RECORDED INFORMATION: Begin
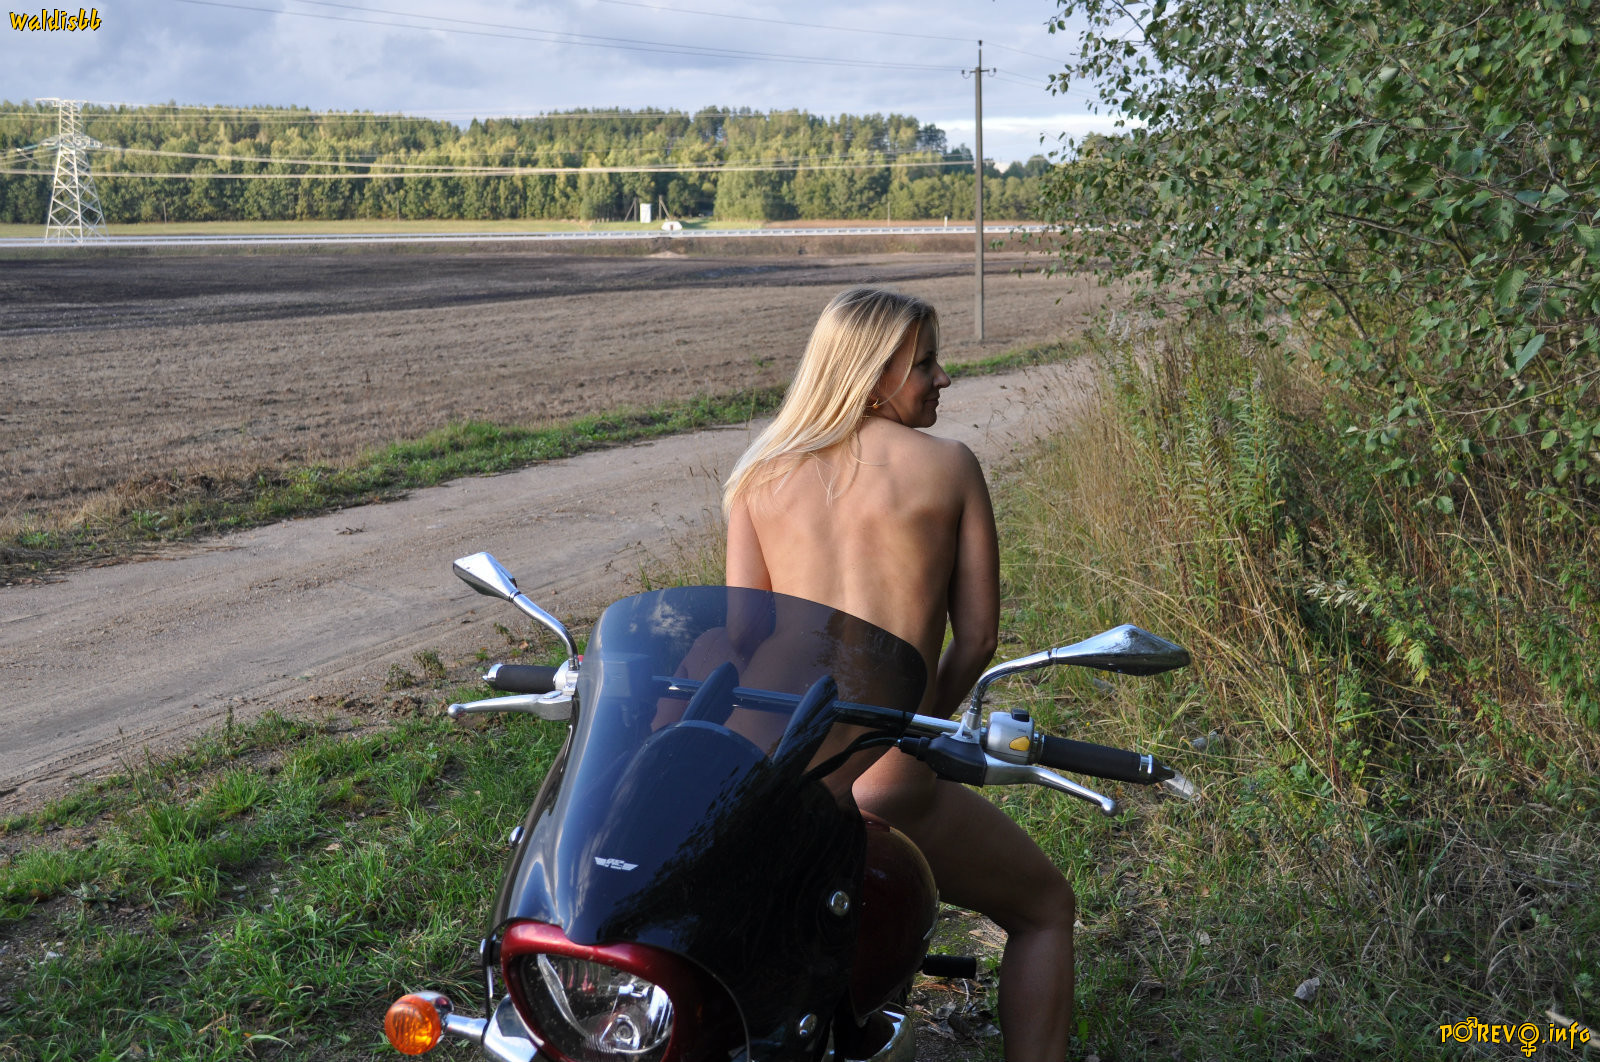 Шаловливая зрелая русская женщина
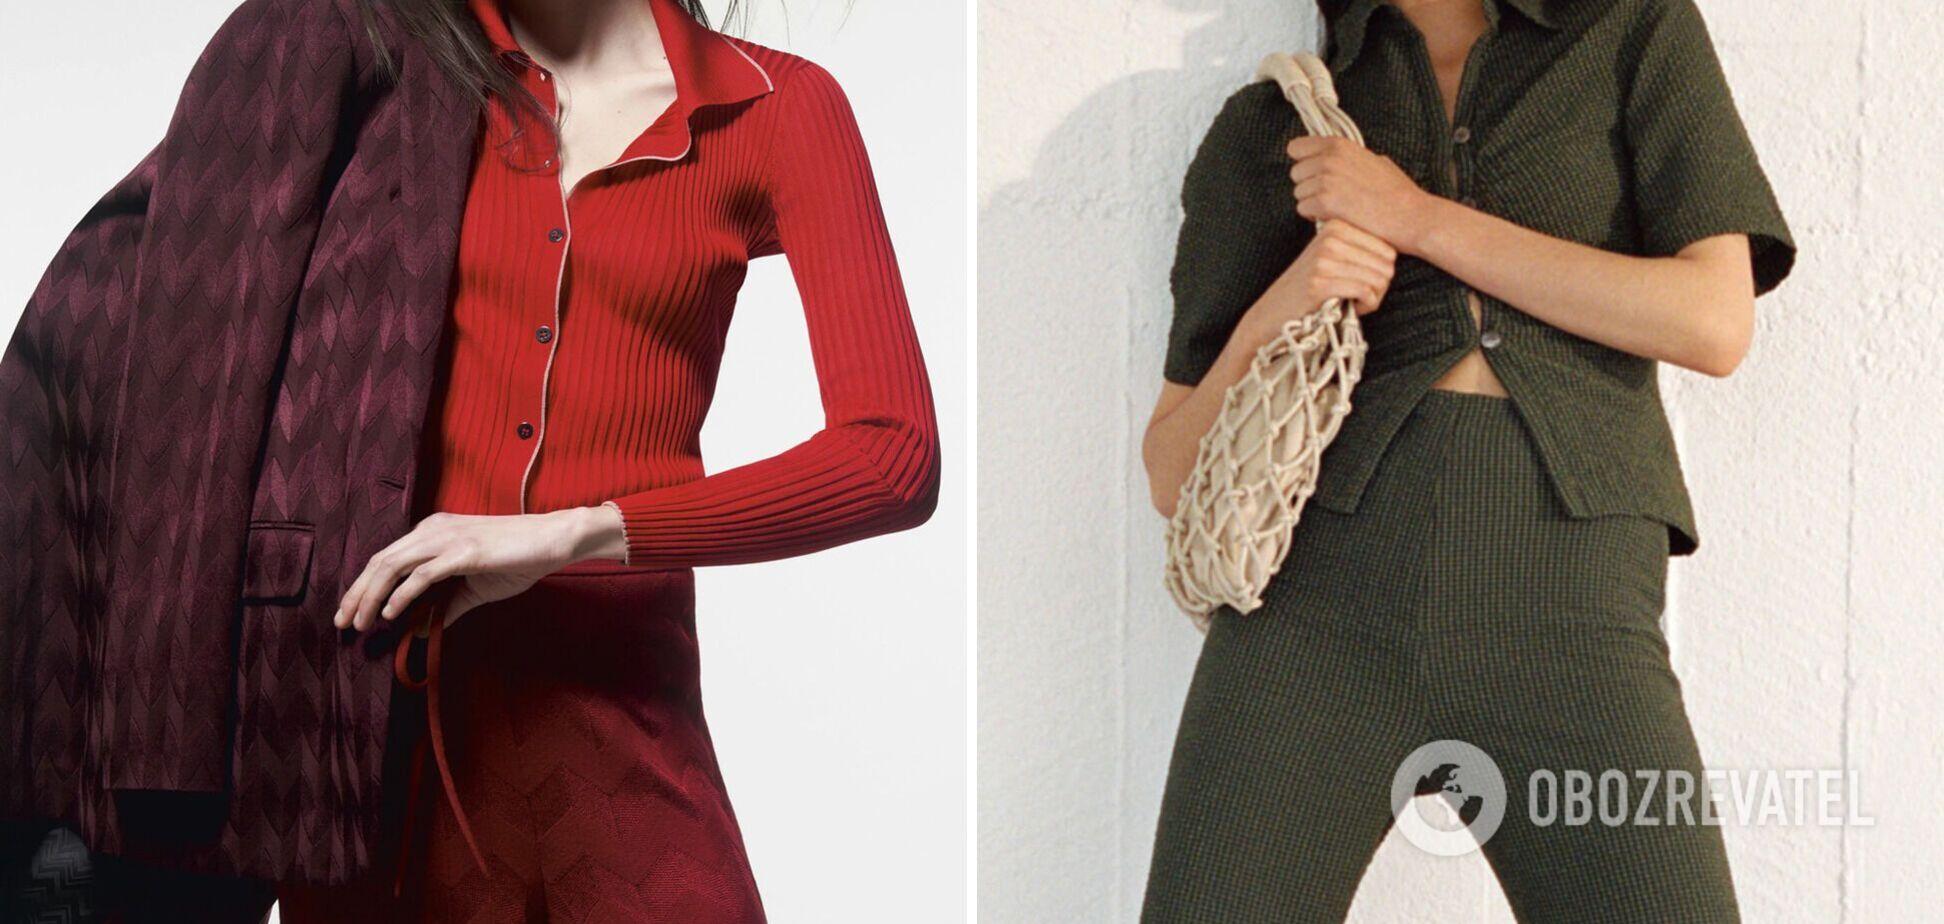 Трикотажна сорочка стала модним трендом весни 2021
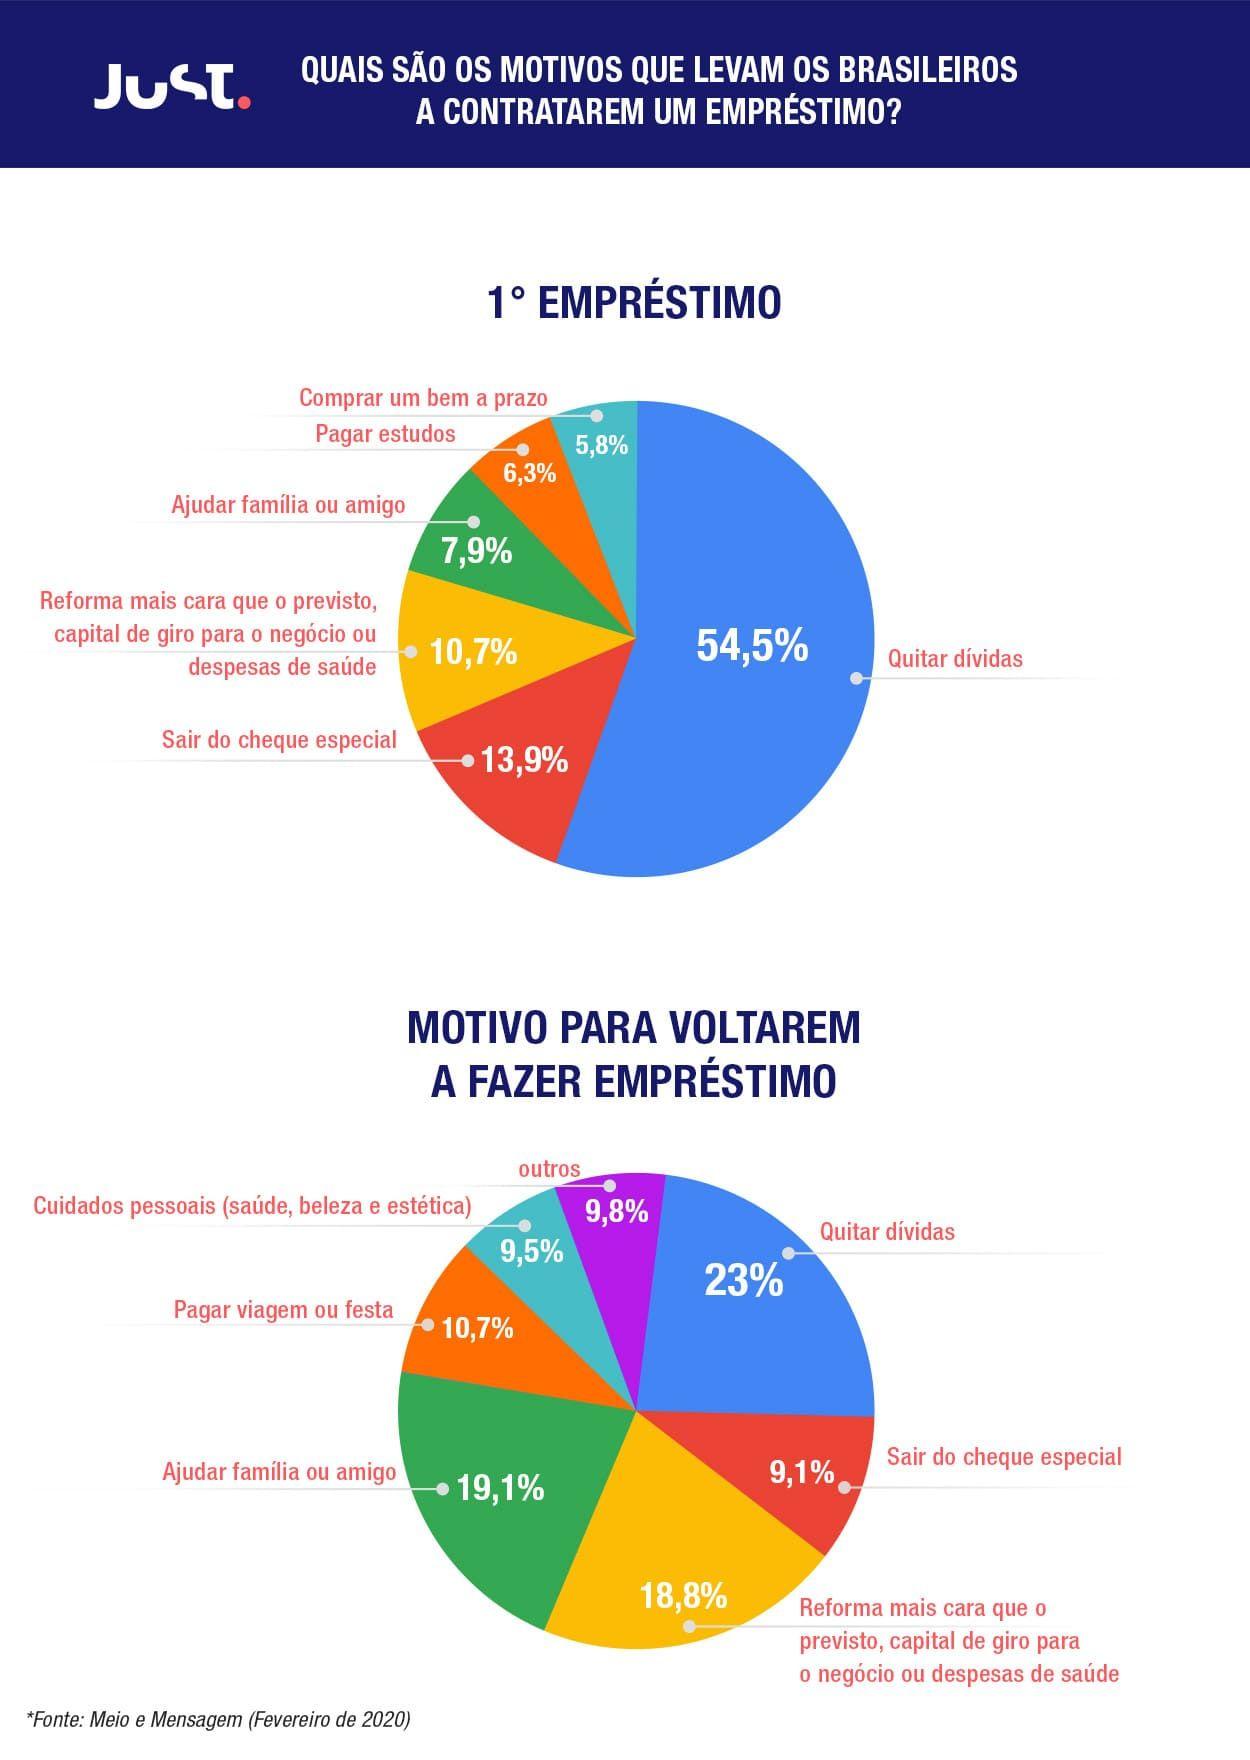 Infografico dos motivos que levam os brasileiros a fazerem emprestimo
RECORDED INFORMATION: End
What you give back should be the full material above, retyped exactly, with every image removed.

* _SOLUTION BELOW_
 Шаловливая зрелая русская женщина
 Трикотажна сорочка стала модним трендом весни 2021
 Infografico dos motivos que levam os brasileiros a fazerem emprestimo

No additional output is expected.